» **Required action**:
Would you transcribe only the lines from the one holding "Eric and Hilde Blumenthal" through the end of the material, exactly, without any pictures?

» **Source data**:
•••

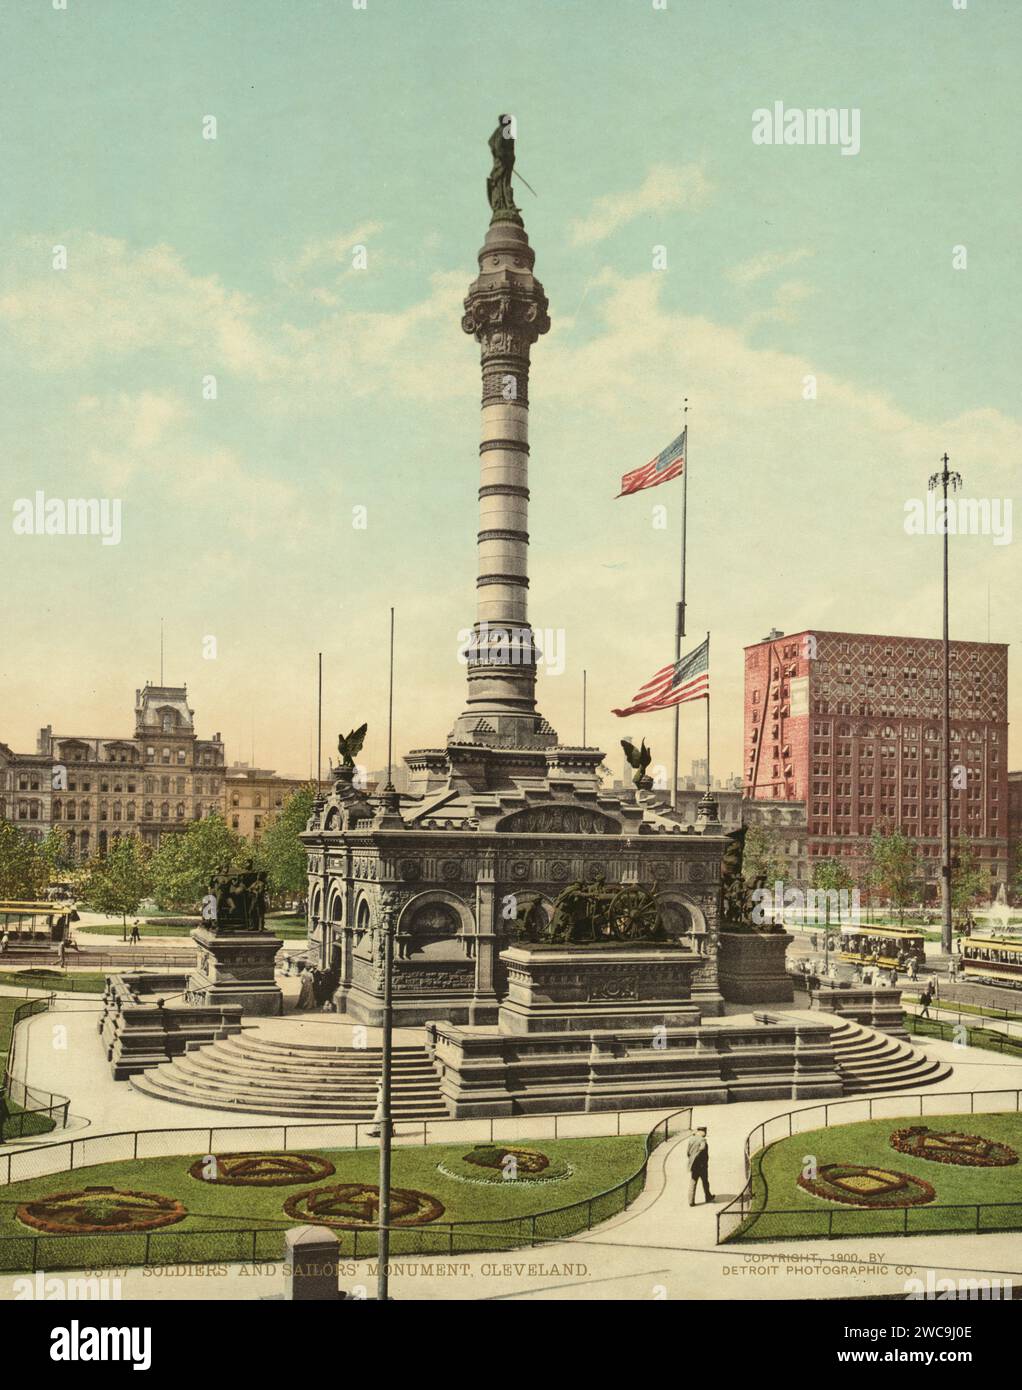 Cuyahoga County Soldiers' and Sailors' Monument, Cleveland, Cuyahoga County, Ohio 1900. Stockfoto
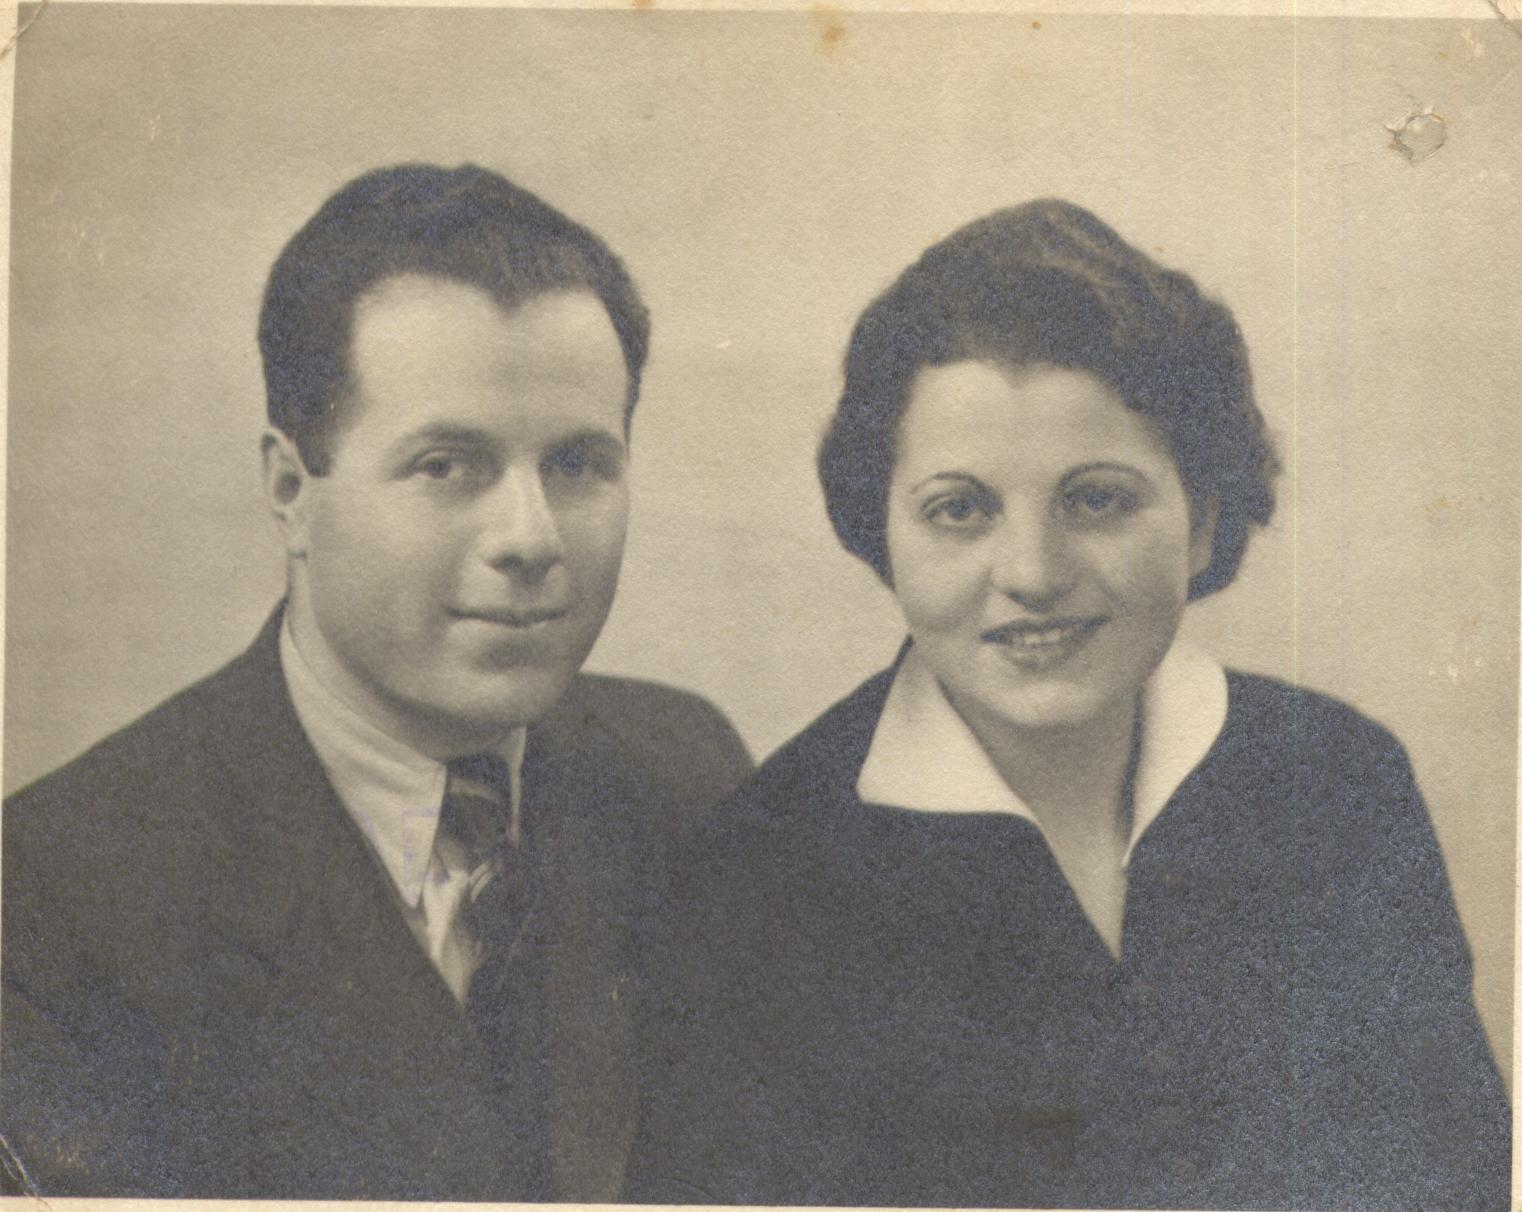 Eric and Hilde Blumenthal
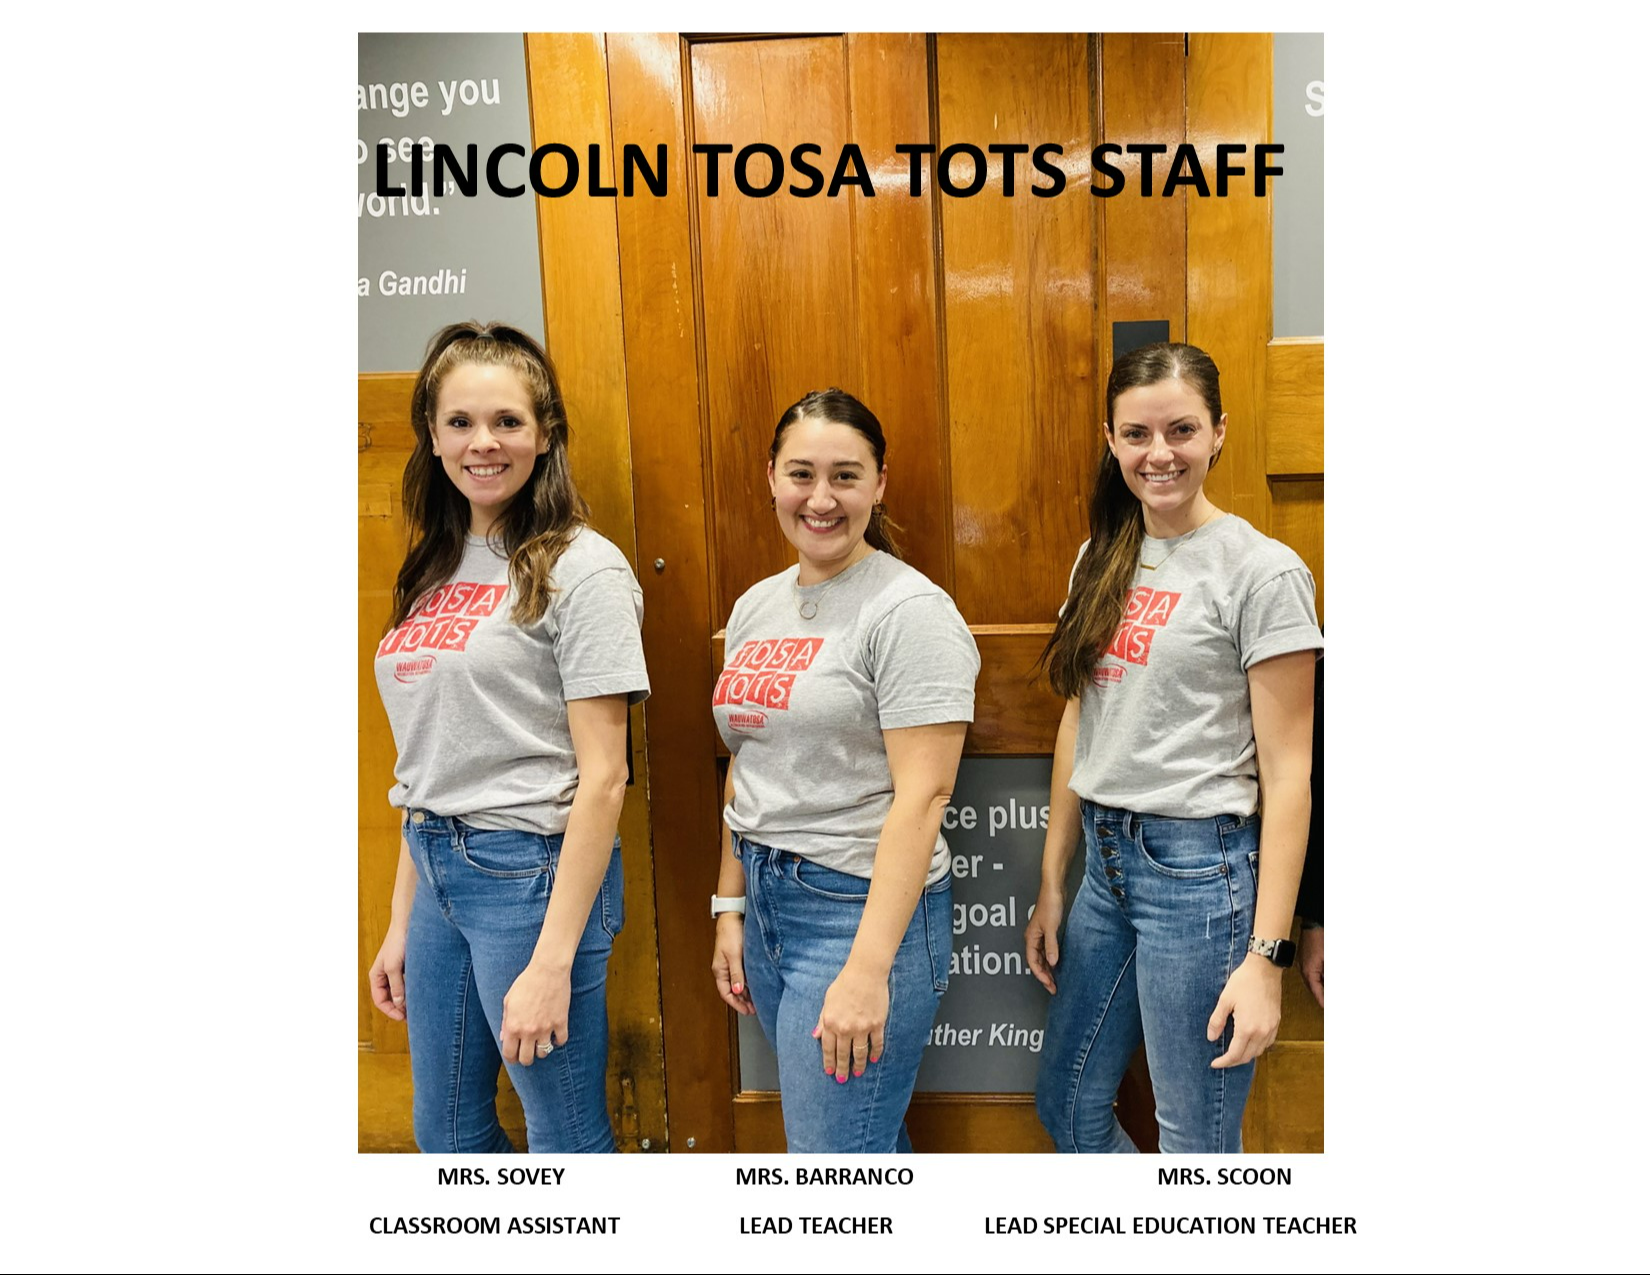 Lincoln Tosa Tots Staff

•••

» **Answer section**:
 Eric and Hilde Blumenthal
 Lincoln Tosa Tots Staff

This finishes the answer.